Но очень скоро благосклонность сменилась недоумением, а затем – леденящим ужасом.
Вот сюжет одного из его спектаклей, под названием «Как Толстопуз спасал репу».
На сцену, сооруженную из ящиков и занавешенную старым ковром, выходила кукла-марионетка, поразительно похожая на товарища Пупкова. Тот же отвислый живот, заправленный в аляповатые штаны, та же лысина, начищенная до блеска. Имя у куклы было – Граф Репкин. Он сидел на горке из бутафорских реп и кричал писклявым голосом: «О, какая тяжкая ноша! Бремя власти! Я должен съесть все эти репы, чтобы они не испортились и не смущали умы простого народа!»
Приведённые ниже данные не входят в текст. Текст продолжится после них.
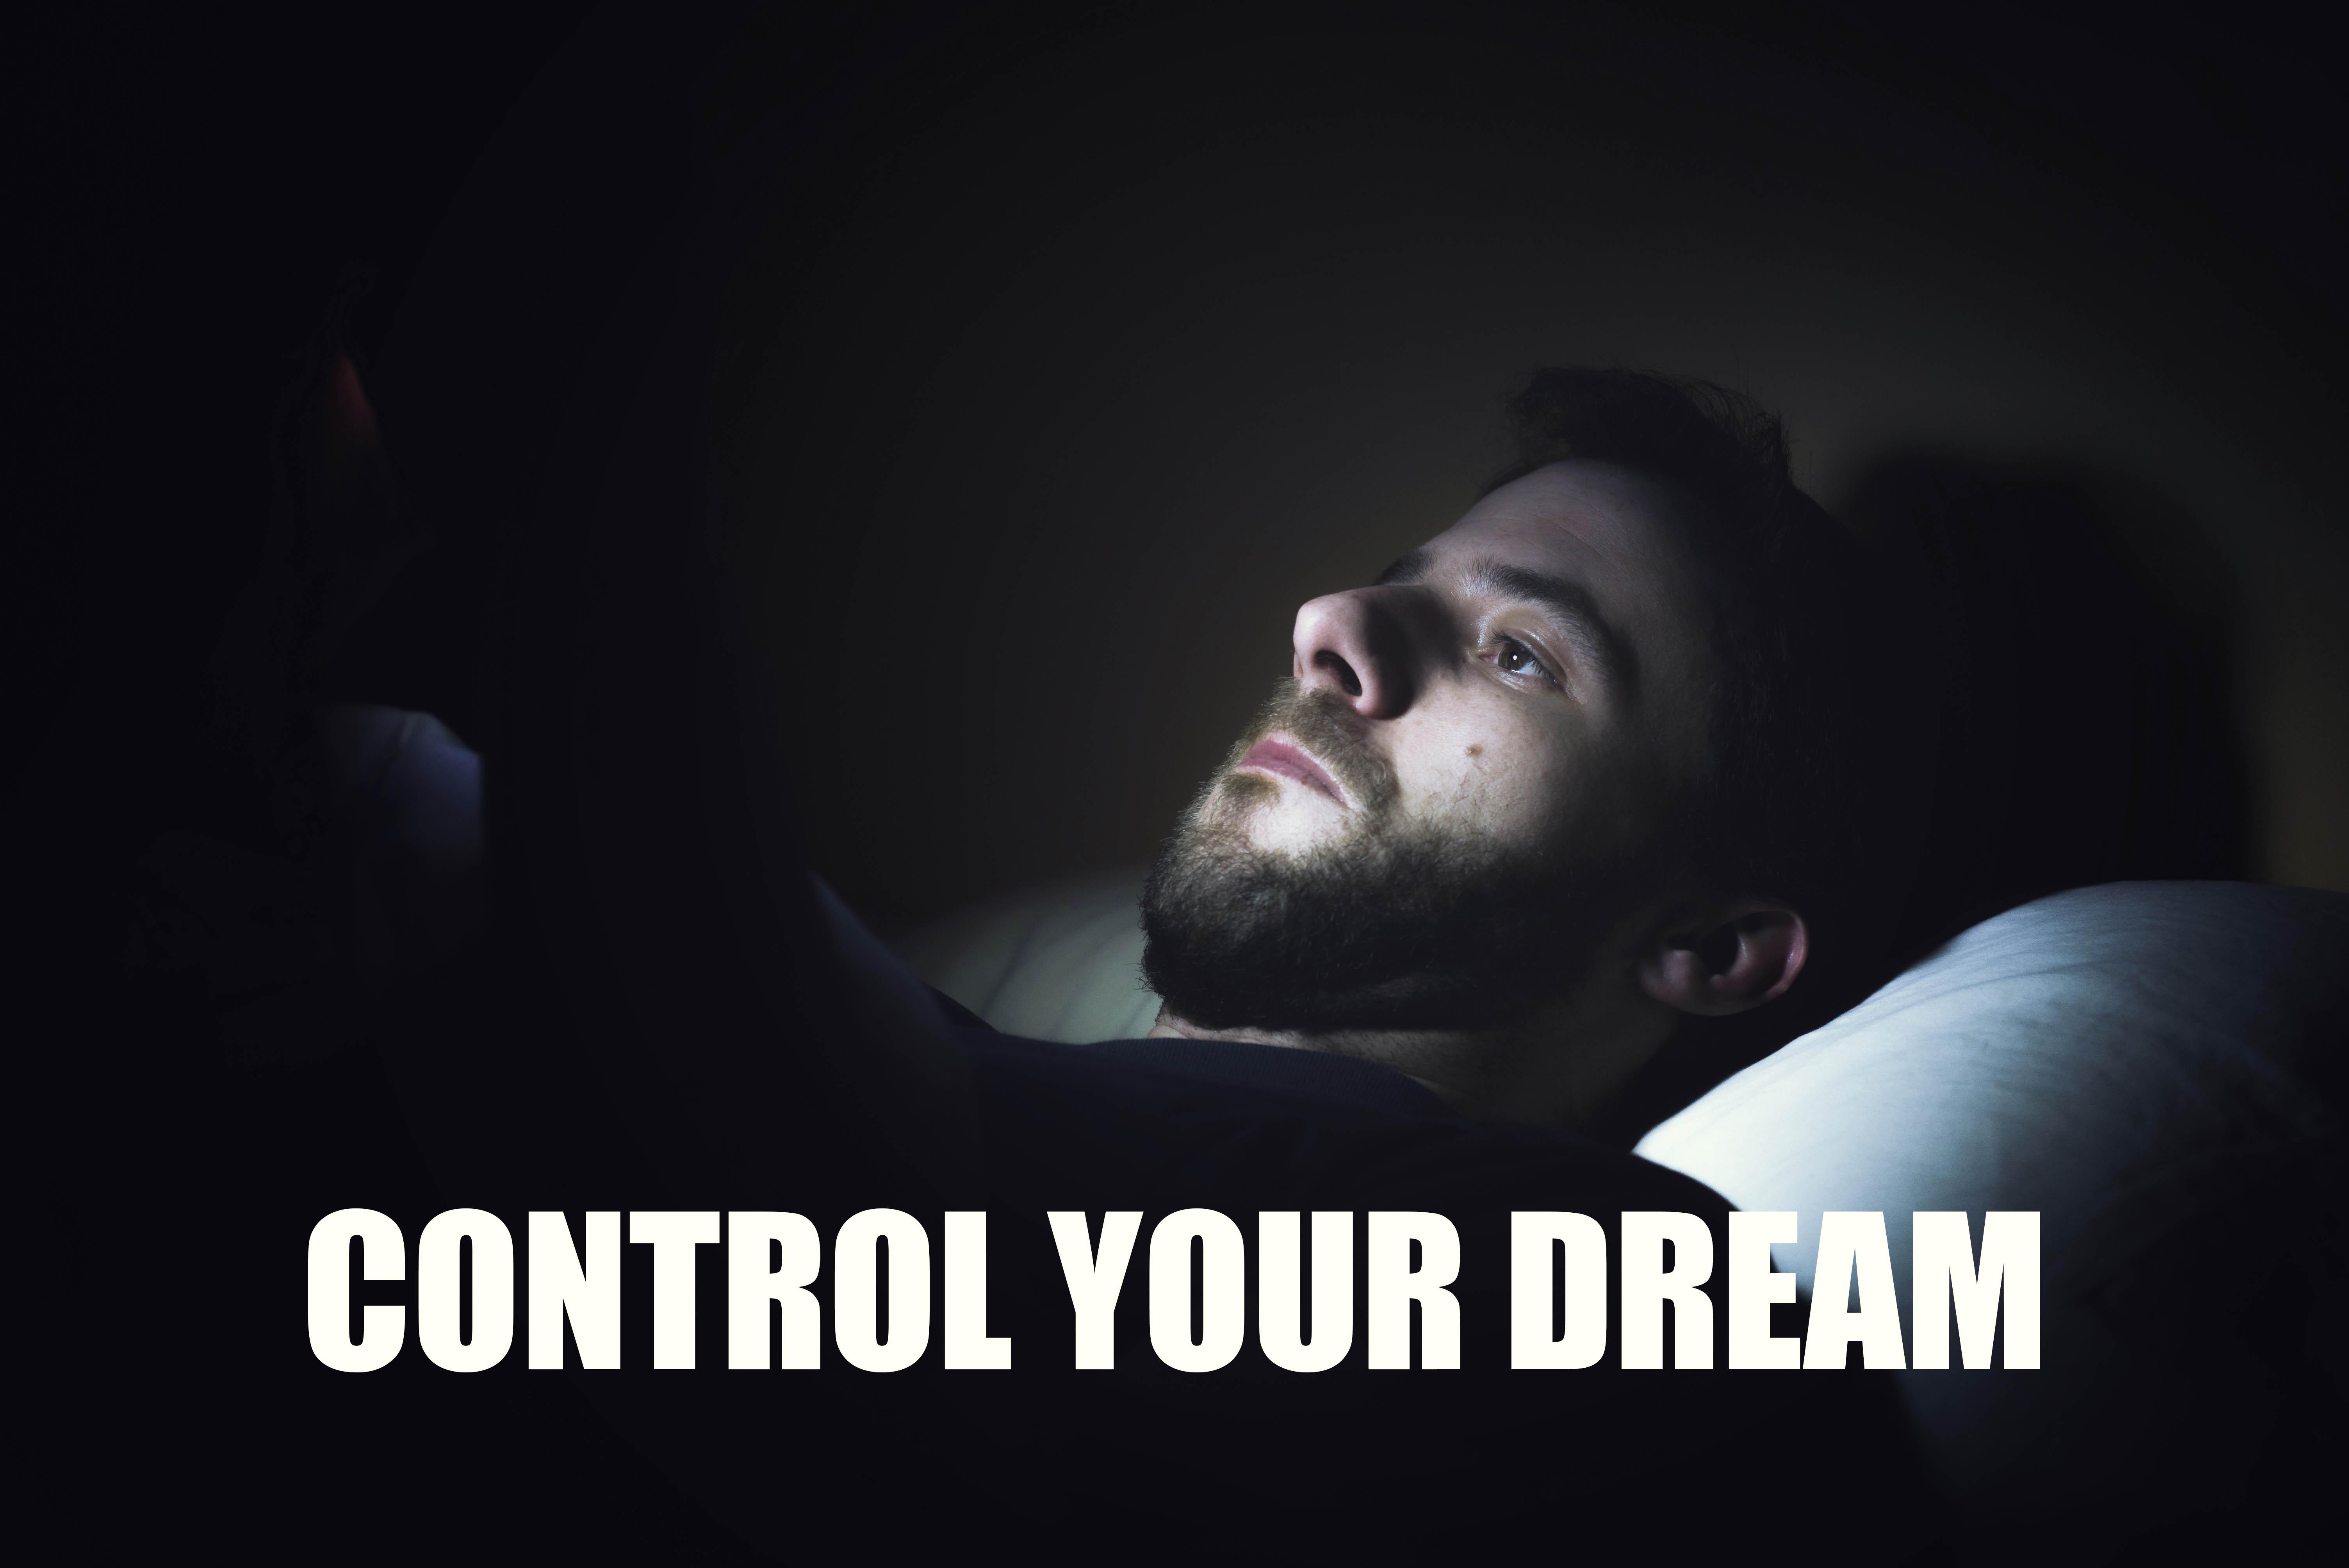 CONTROLAR TU SUEÑO/夢をコントロール

Затем появлялась худая, вертлявая кукла с лицом, напоминающим заместителя Пупкова, Крохина. «Ваше Сиятельство! – визжала она. – Репы протестуют! Они хотят, чтобы их ели по справедливости!»
«Неслыханно! – вопил Граф Репкин. – Немедленно издать указ: все репы являются моими личными друзьями. А друзей не едят. Их… конфискуют в пользу дружбы!»
И начинался танец: Граф Репкин и его приспешники, под мелодию похоронного марша, играемую Беззубиком на расческе с приложенной бумажкой, набрасывались на маленькие деревянные репки-куколки, запихивали их в мешки, а те, у кого не было мешков, засовывали их себе в одежду, отчего становились еще толще.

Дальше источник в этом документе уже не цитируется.